→ **Task**
Output the full listing below exactly; the images stay out.

→ **Given material**

%%

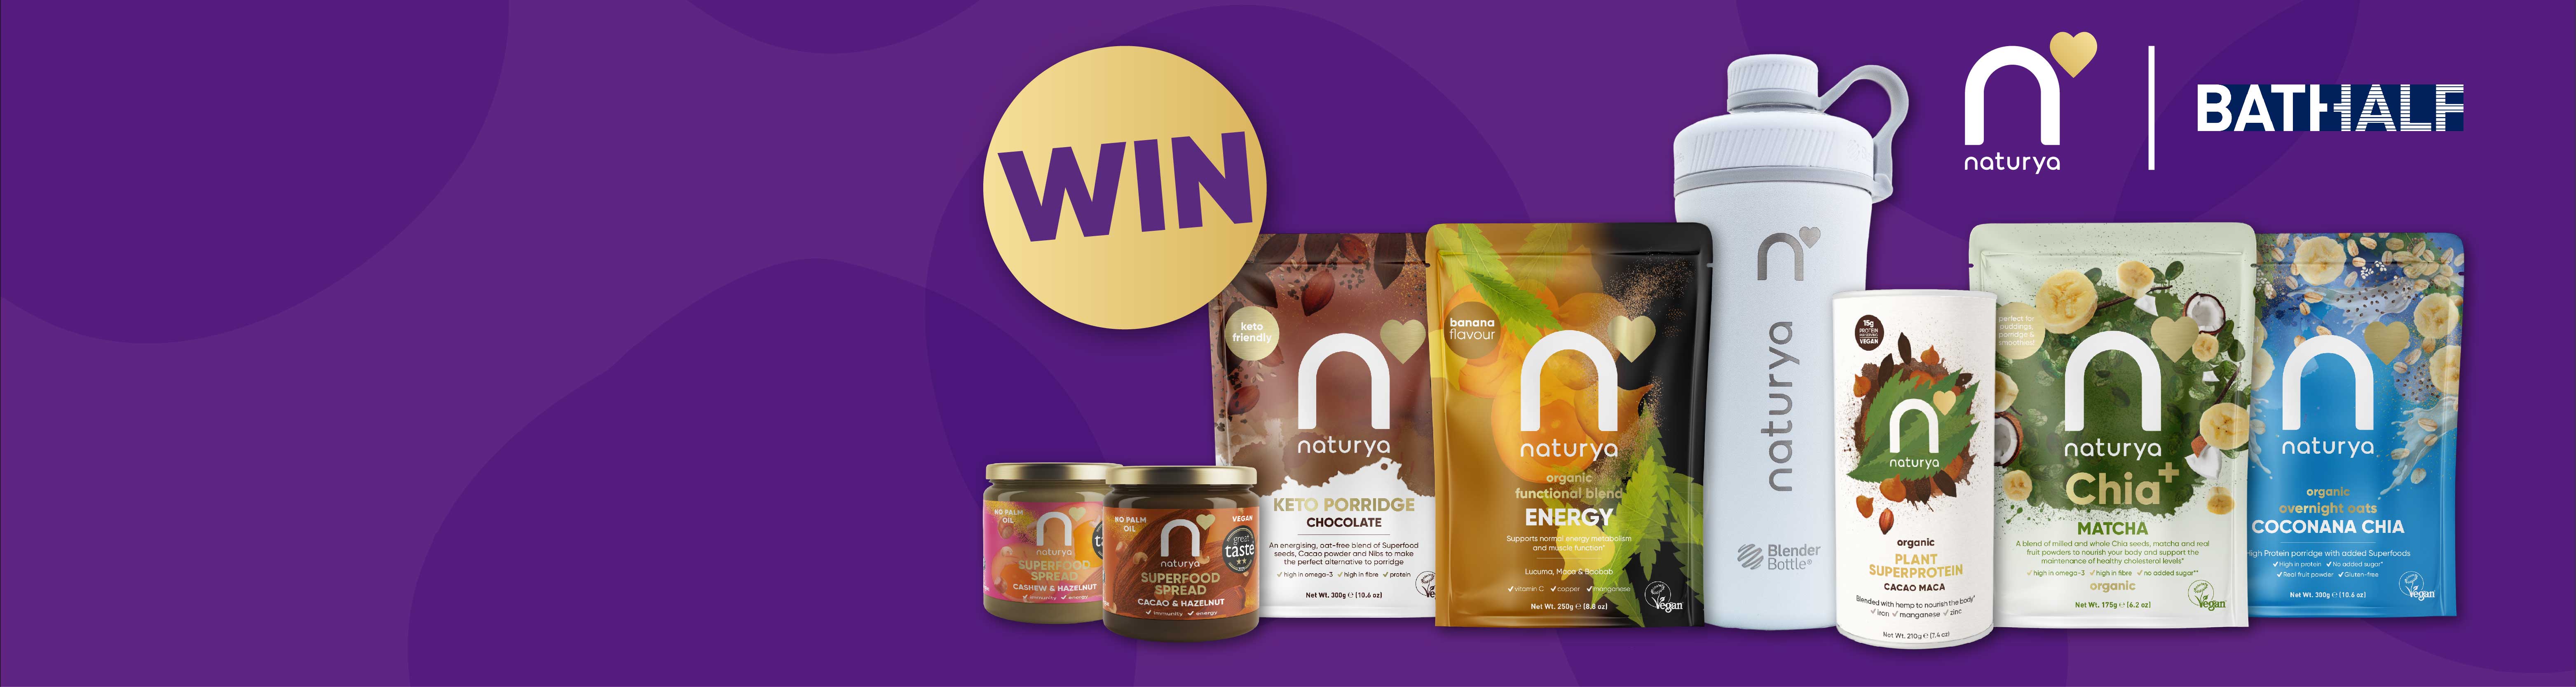 win a free entry in Bath Half Marathon 2022 and a Naturya superfood bundle worth over £150 including everything you need to fuel pre and post run and achieve maximum performance
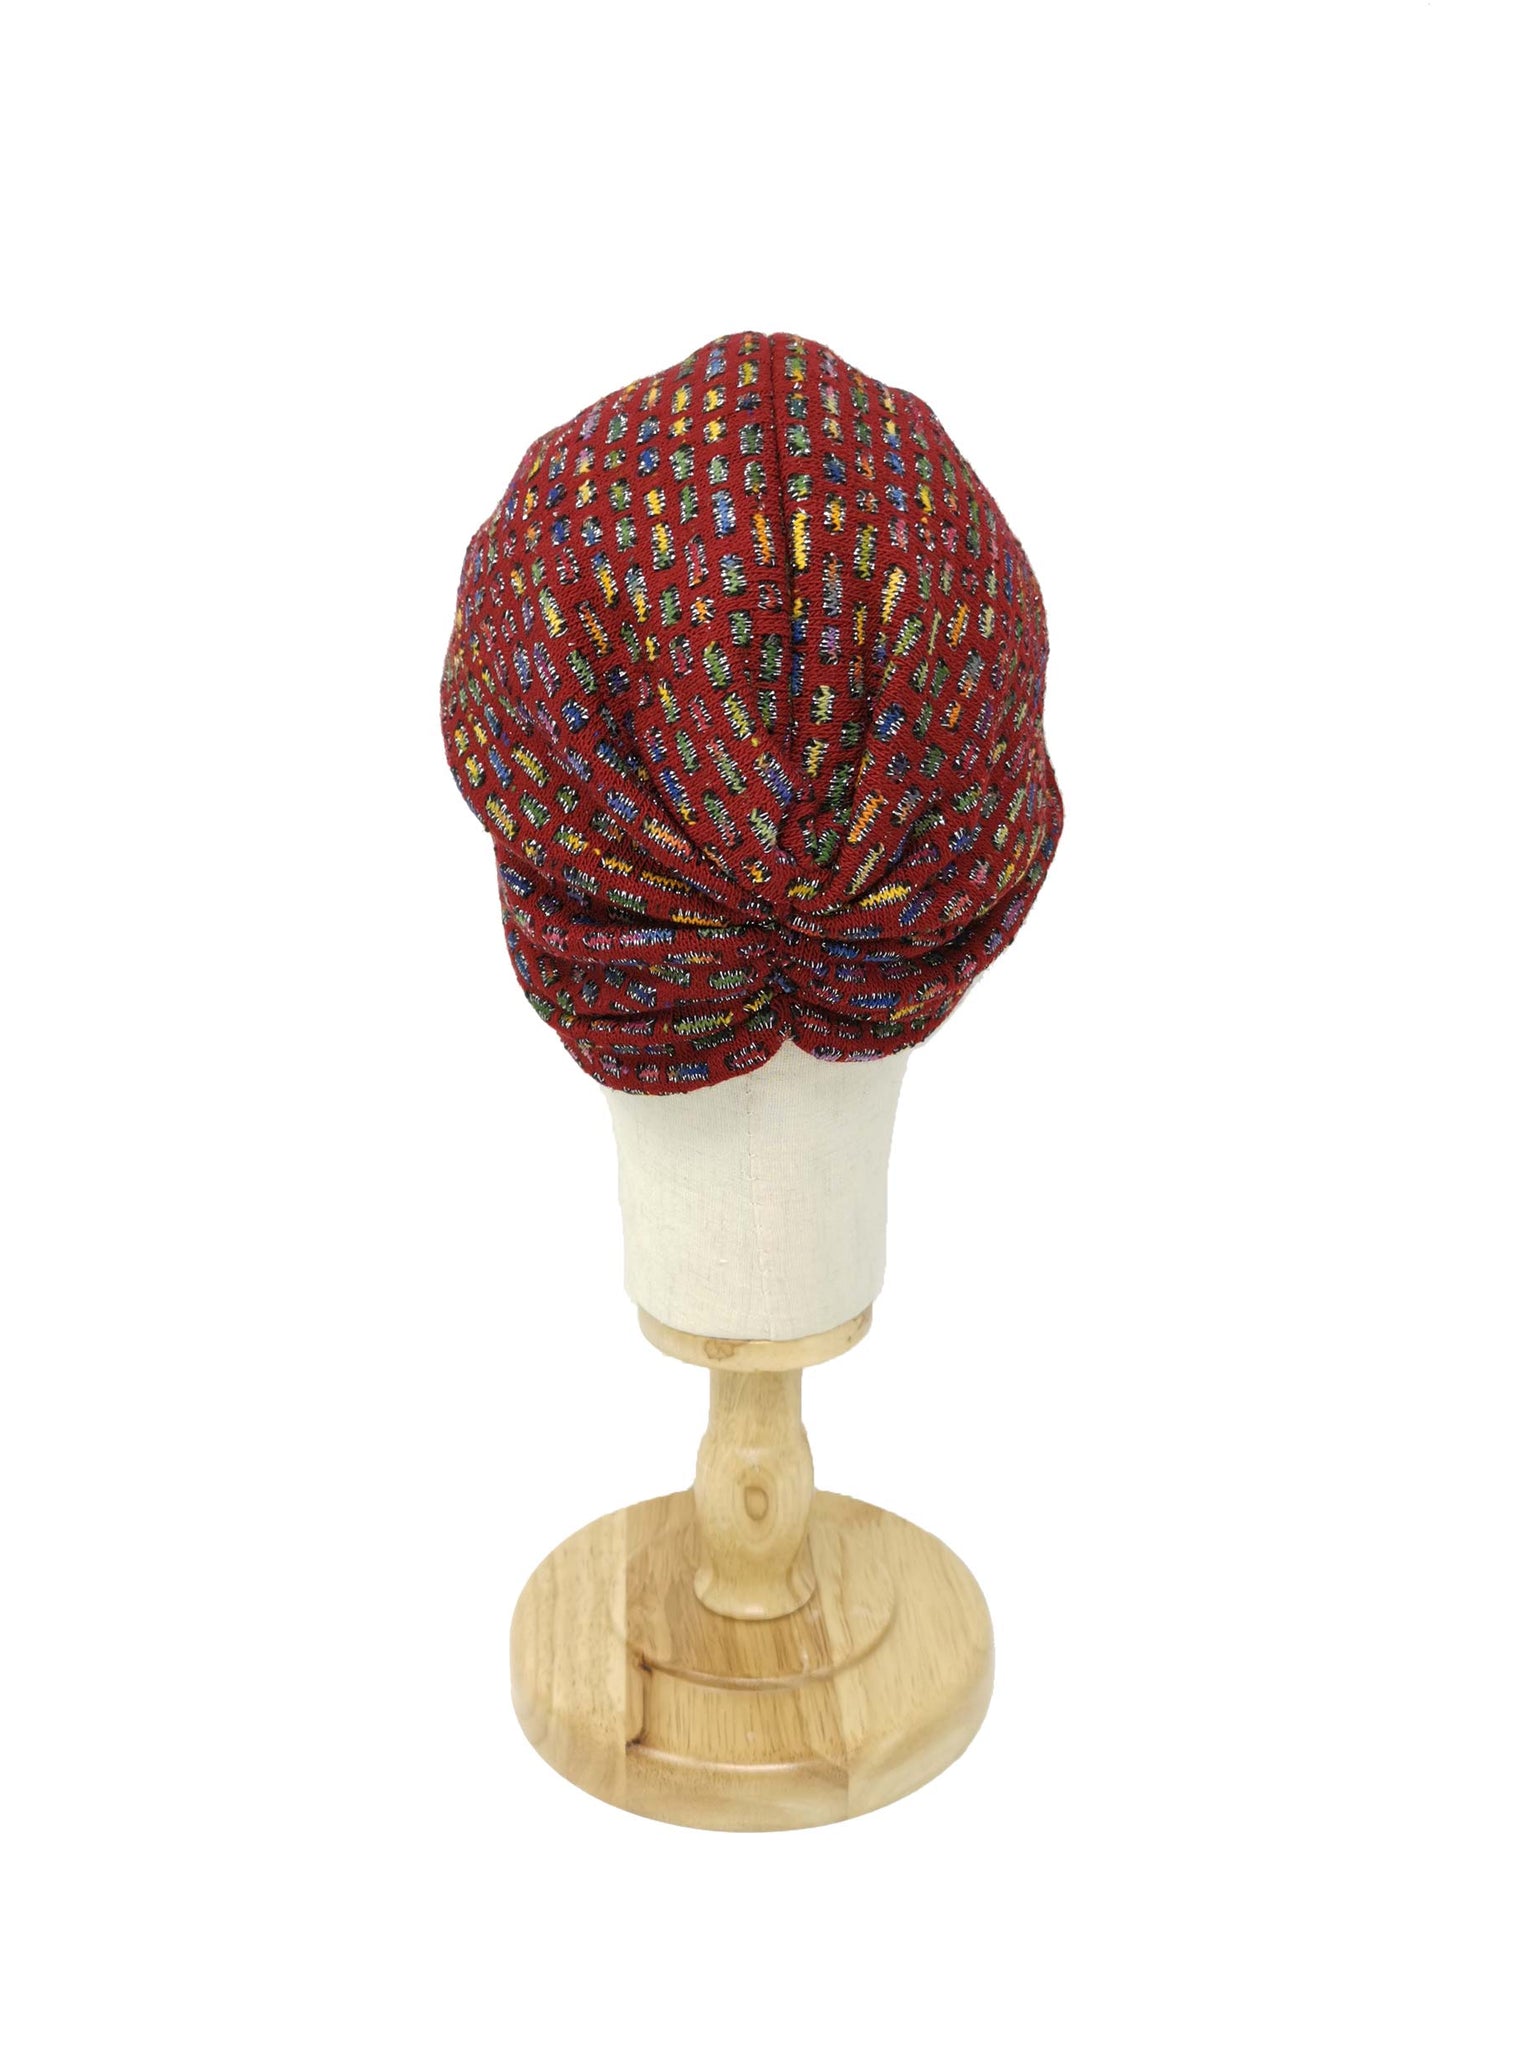 "Rose" burgundy and multicolored wool velvet with flat knot
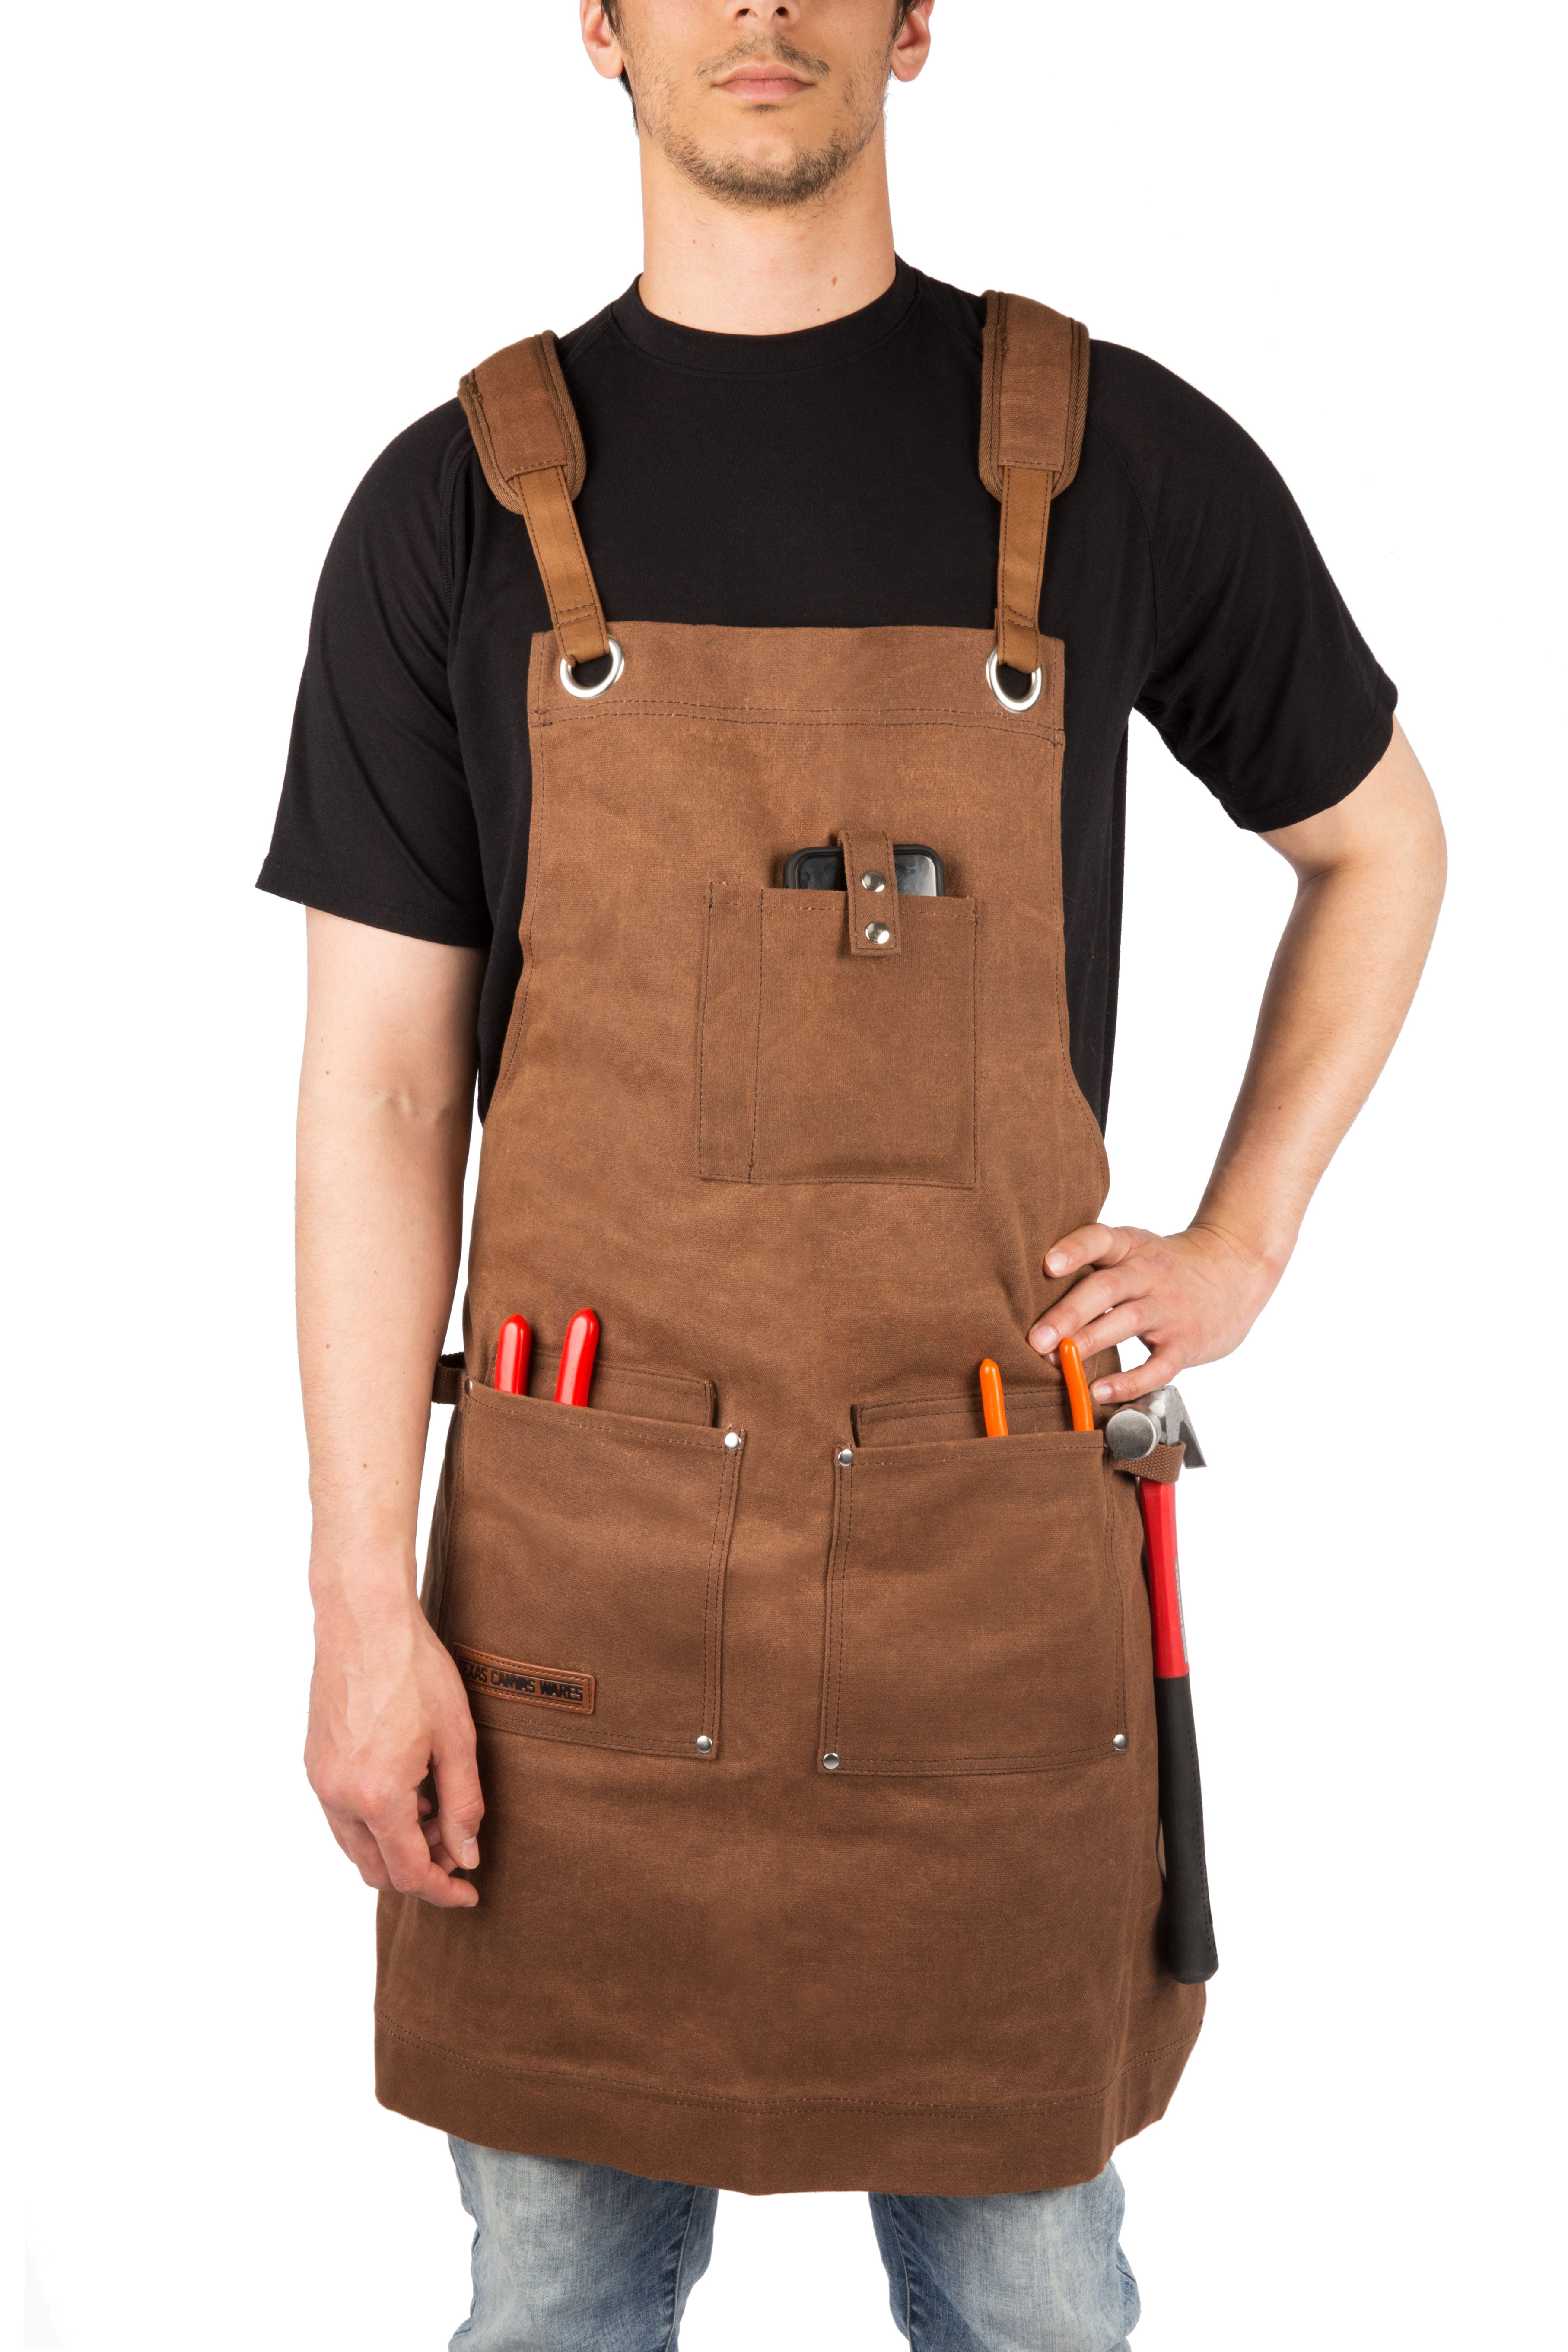 Heavy Duty Waxed Canvas Work Apron for Men and Women - Deluxe Edition  (Brown)

%%

→ **Written solution**
 win a free entry in Bath Half Marathon 2022 and a Naturya superfood bundle worth over £150 including everything you need to fuel pre and post run and achieve maximum performance
 "Rose" burgundy and multicolored wool velvet with flat knot
 Heavy Duty Waxed Canvas Work Apron for Men and Women - Deluxe Edition  (Brown)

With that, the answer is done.